▸ Collected material:
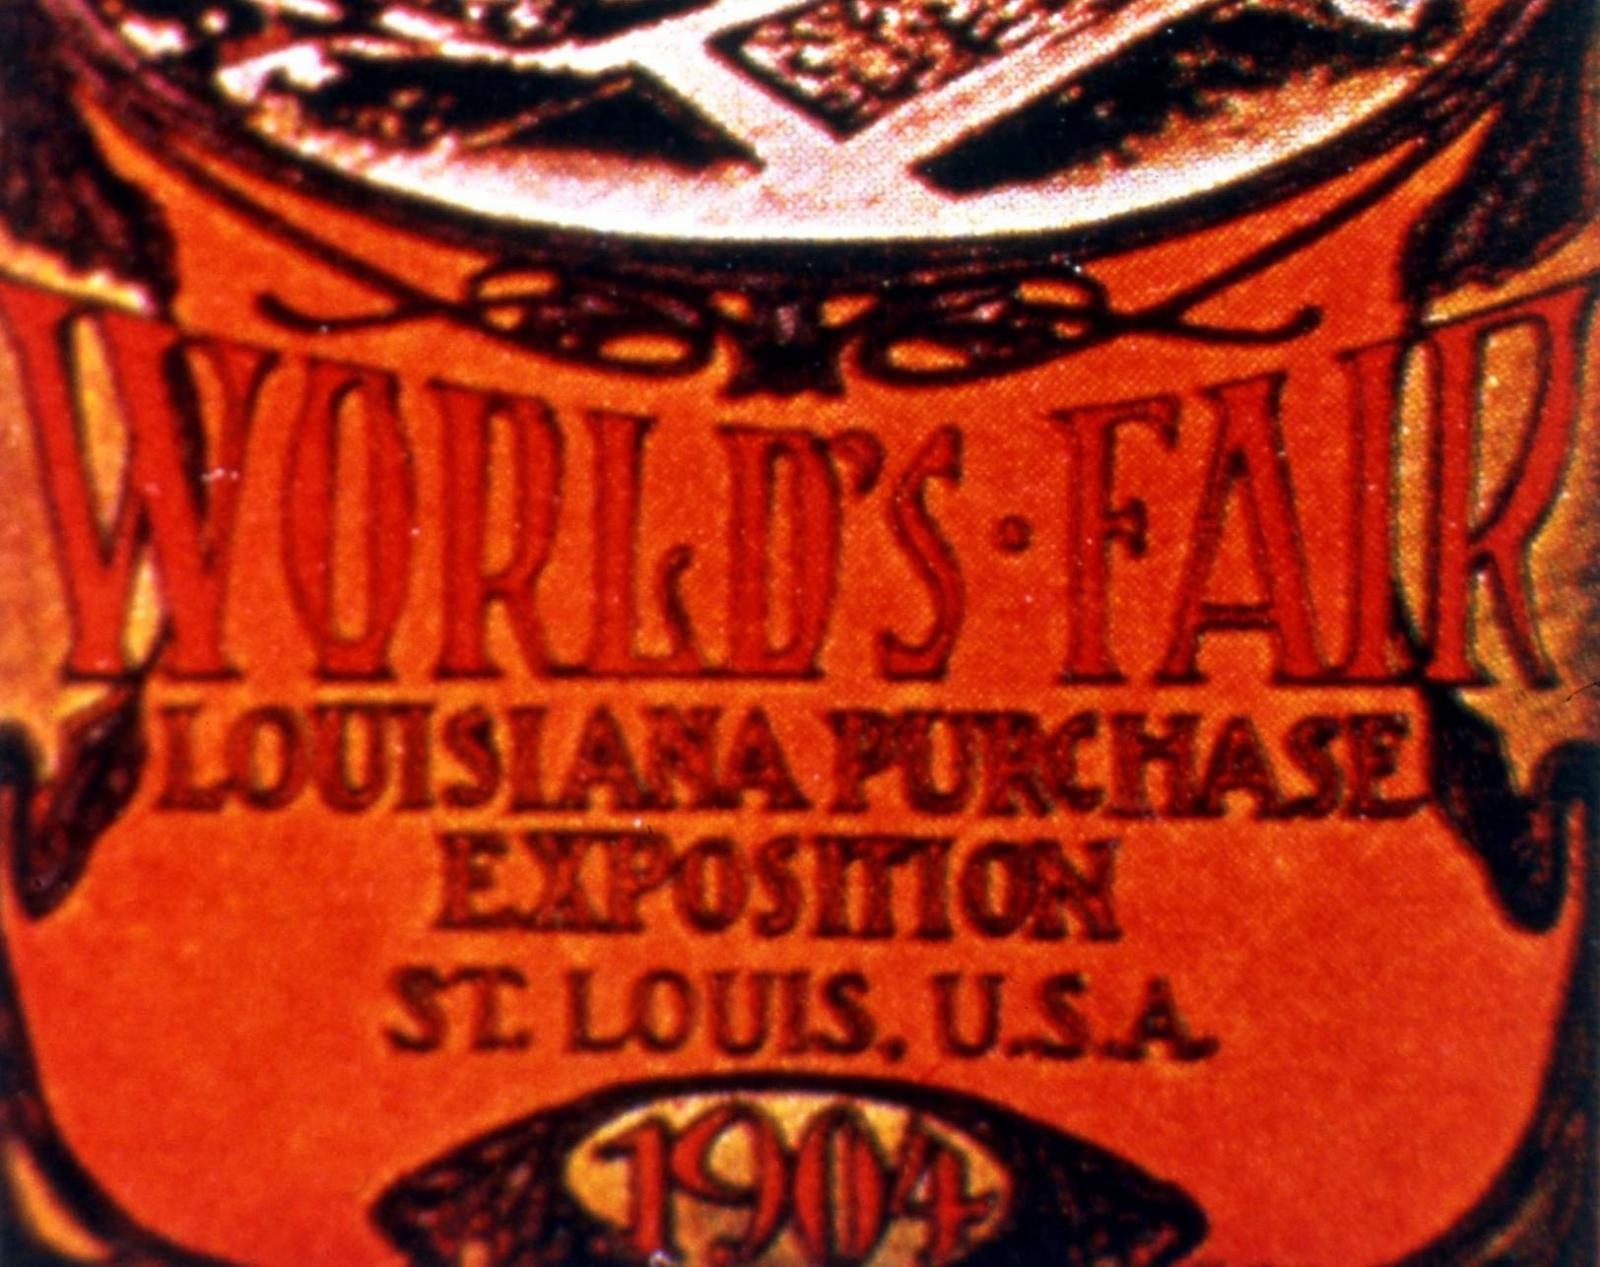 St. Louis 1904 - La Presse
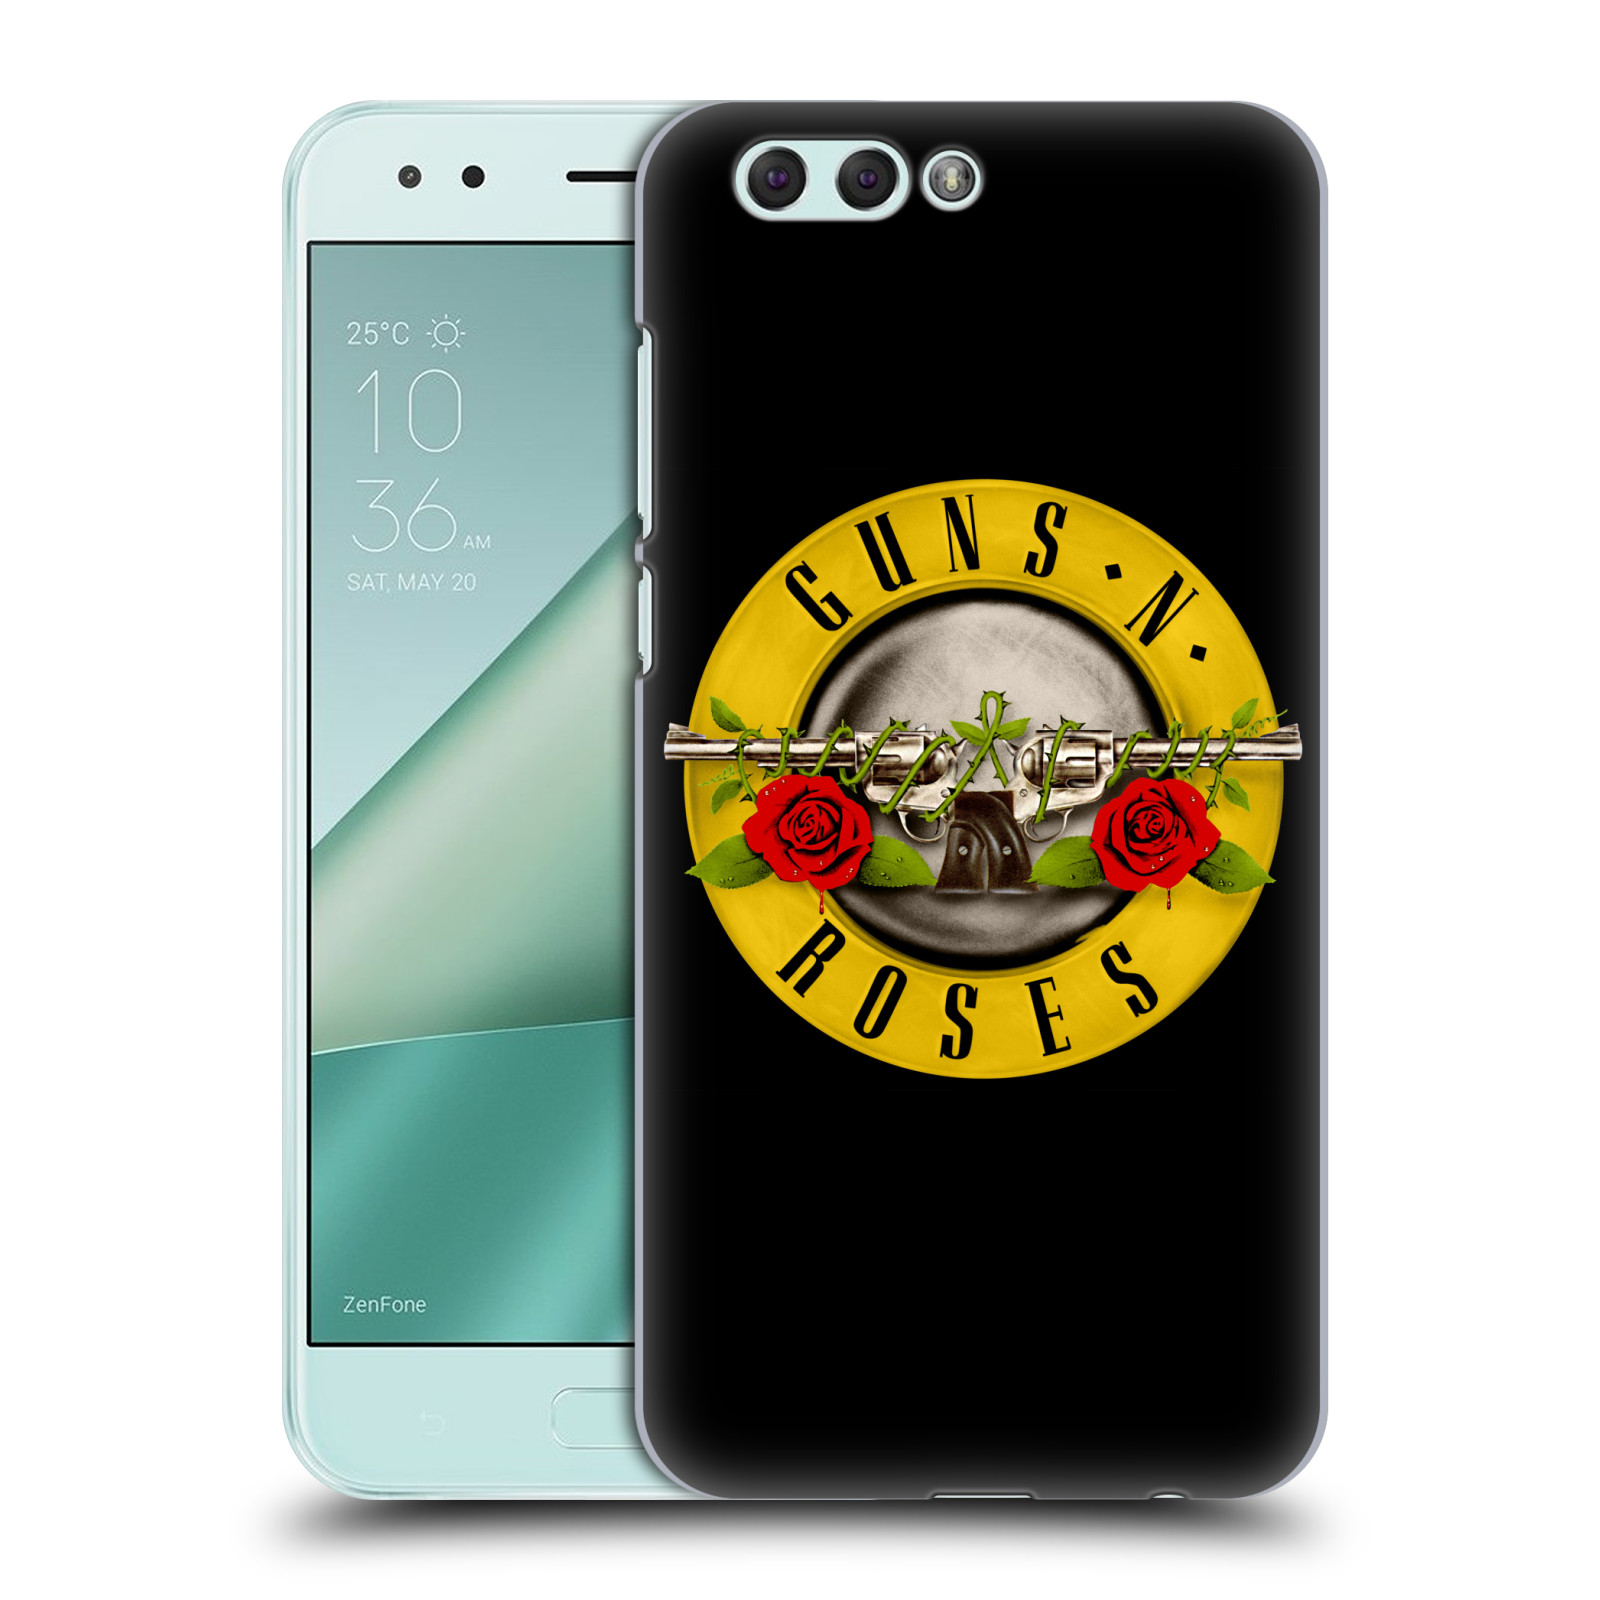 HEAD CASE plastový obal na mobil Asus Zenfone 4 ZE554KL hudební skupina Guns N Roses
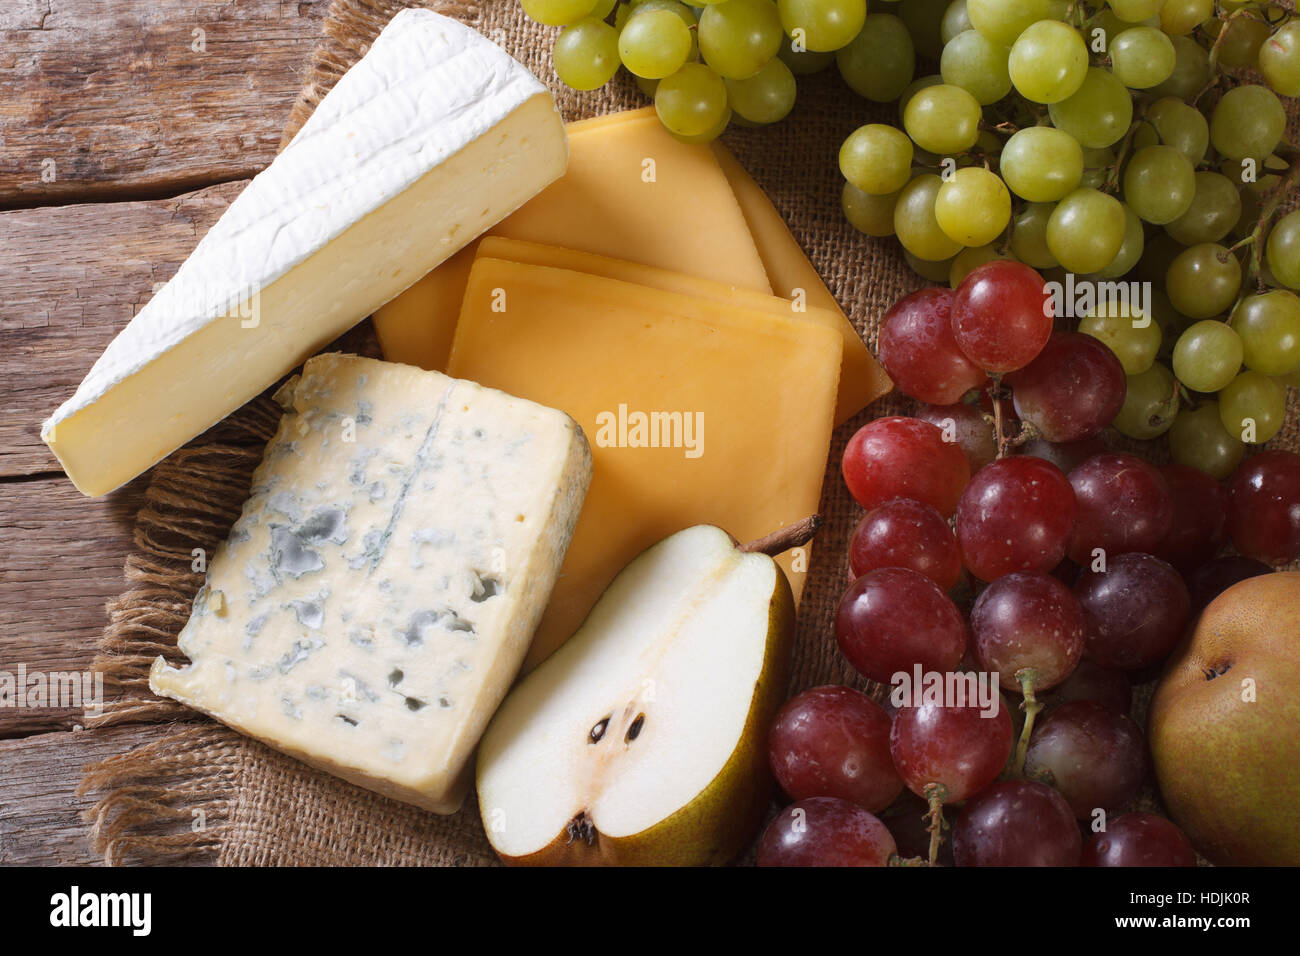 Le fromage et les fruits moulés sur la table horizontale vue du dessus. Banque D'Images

▸ What you are asked to do: What is needed is an exact copy of the lines from the line with "HEAD CASE plastový" to the end of the data above, both included, without any pictures.

▸ Written solution:
 HEAD CASE plastový obal na mobil Asus Zenfone 4 ZE554KL hudební skupina Guns N Roses
 Le fromage et les fruits moulés sur la table horizontale vue du dessus. Banque D'Images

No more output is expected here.